Multiple Inheritance Minefield

So I thought I knew how to use inheritance in Python properly. However, when I had a need to use multiple inheritance, I found I did not, in fact, know what was happening. Nothing here is new, it is all in the python docs, and if you are looking for a good explanation of multi class inheritance in python I found this account well-written and useful. …But then I also found a detractor, or two. This post is basically me digesting all the posts I read about inheritance in python, to convince myself I know what I am doing. Warning, this post is a bit of an untamed beast.

When subclassing a class in python, it is almost always necessary to call the constructor of the super class, this can be done with the following:

class MyClass(BaseClass):
    def __init__(self):
        super(MyClass, self).__init__()

and in Python 3 you can even just write:

class MyClass(BaseClass):
    def __init__(self):
        super().__init__()

Also, the constructor of the base class can be called directly:

class MyClass(BaseClass):
    def __init__(self):
        BaseClass.__init__(self)

While looking up code on the internet, I have seen plenty examples of both.

I had assumed the above statements were equivalent, since, of course, the super class of MyClass is BaseClass anyways. And for most of my experience, they were. This is because like any good Pythonista, I had avoided multiple inheritance, treating it as a tool only to be used when there are no other reasonable solutions.

In truth, super is not calling the current class’s super class, it is calling the next class in the Method Resolution Order (MRO). When you have multiple inheritance, this is simply the chain of inheritance from the final subclass you have created all the way up to object.

Also, this is assuming new style classes, which came in under Python 2.2. Although the use of new-style classes is now considered standard, old-style is still default for backwards-compatibility reasons. Attempting to use super with old-style classes will meet you with an error. I ran into this while trying to subclass some third-party code.

Next method invocation, not super class

Looking at the following code:

class AClass(object):
    def __init__(self):
        super(AClass, self).__init__()

I would have thought the super class superfluous. Since we are inheriting from object, which is the root class of inheritance in python, it will effectively do nothing. WRONG!

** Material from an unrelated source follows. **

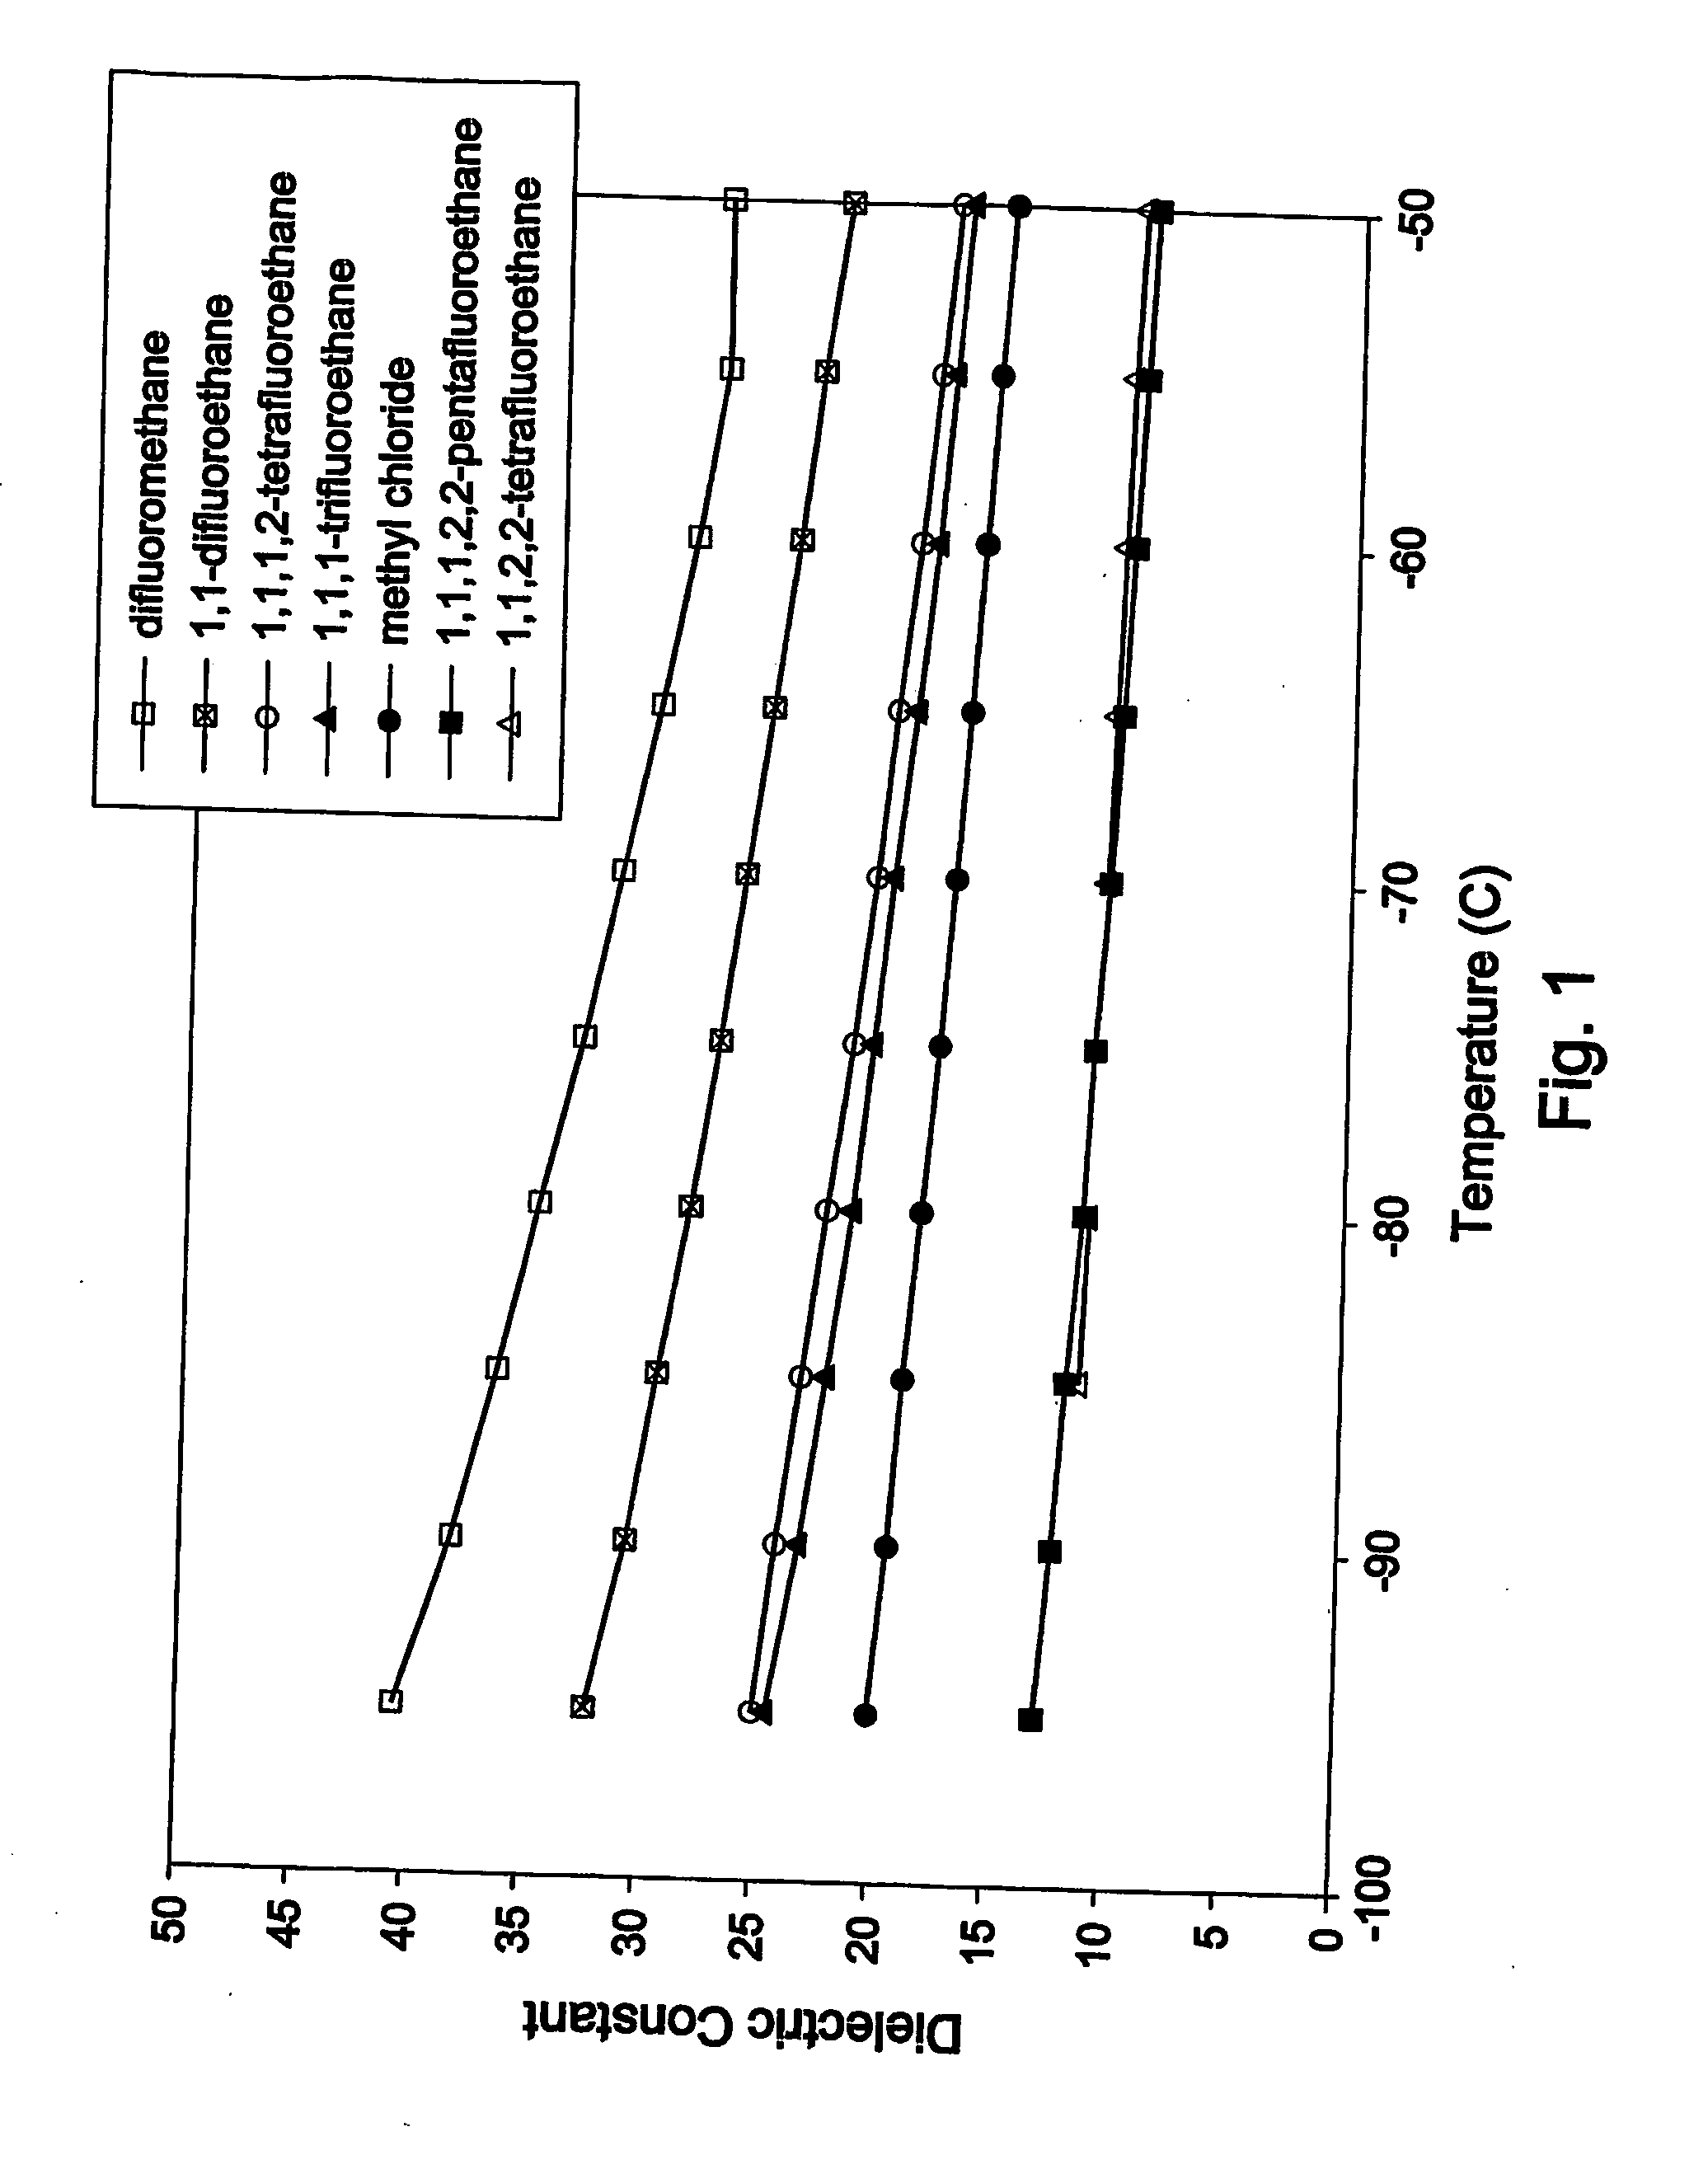 Polymerization processes

In multiple inheritance (new-style classes), Python assembles the MRO upon declaration of a new class will iterate through this list each time super() is called. So, if AClass is used as a super class in a multiple inheritance situation, and there is a constructor method after AClass’s in the MRO, whether or not it gets executed depends on whether that super method was called in AClass’s init method.

Here is a simple set of classes that uses multiple inheritance:

class A(object):
    def __init__(self):
        print "init A"
        super(A, self).__init__()

class B(object):
    def __init__(self):
        print "init B"
        super(B, self).__init__()

class C(A):
    def __init__(self):
        print "init C"
        super(C, self).__init__()

class D(C, B):
    def __init__(self):
        print "init D"
        super(D, self).__init__()

if __name__ == '__main__':
    D()

The output is as expected:

init D
init C
init A
init B

The super class of A is object, and object.init() doesn’t do anything* anyways. So we should be able to leave this out, right? Well…

class A(object):
    def __init__(self):
        print "init A"

class B(object):
    def __init__(self):
        print "init B"

class C(A):
    def __init__(self):
        print "init C"
        super(C, self).__init__()

class D(C, B):
    def __init__(self):
        print "init D"
        super(D, self).__init__()

if __name__ == '__main__':
    D()
init D
init C
init A

What happened to init B? When the constructor for D gets called it uses the MRO to find which init() method it should call, which, in this case, is D itself. After that, to get the other init methods to execute, super needs to be called, in each successive init method. Alternatively, the MRO can be subverted by calling init explicitly, as mentioned at the start up this post. In single inheritance situations, the difference turns out to be inconsequential.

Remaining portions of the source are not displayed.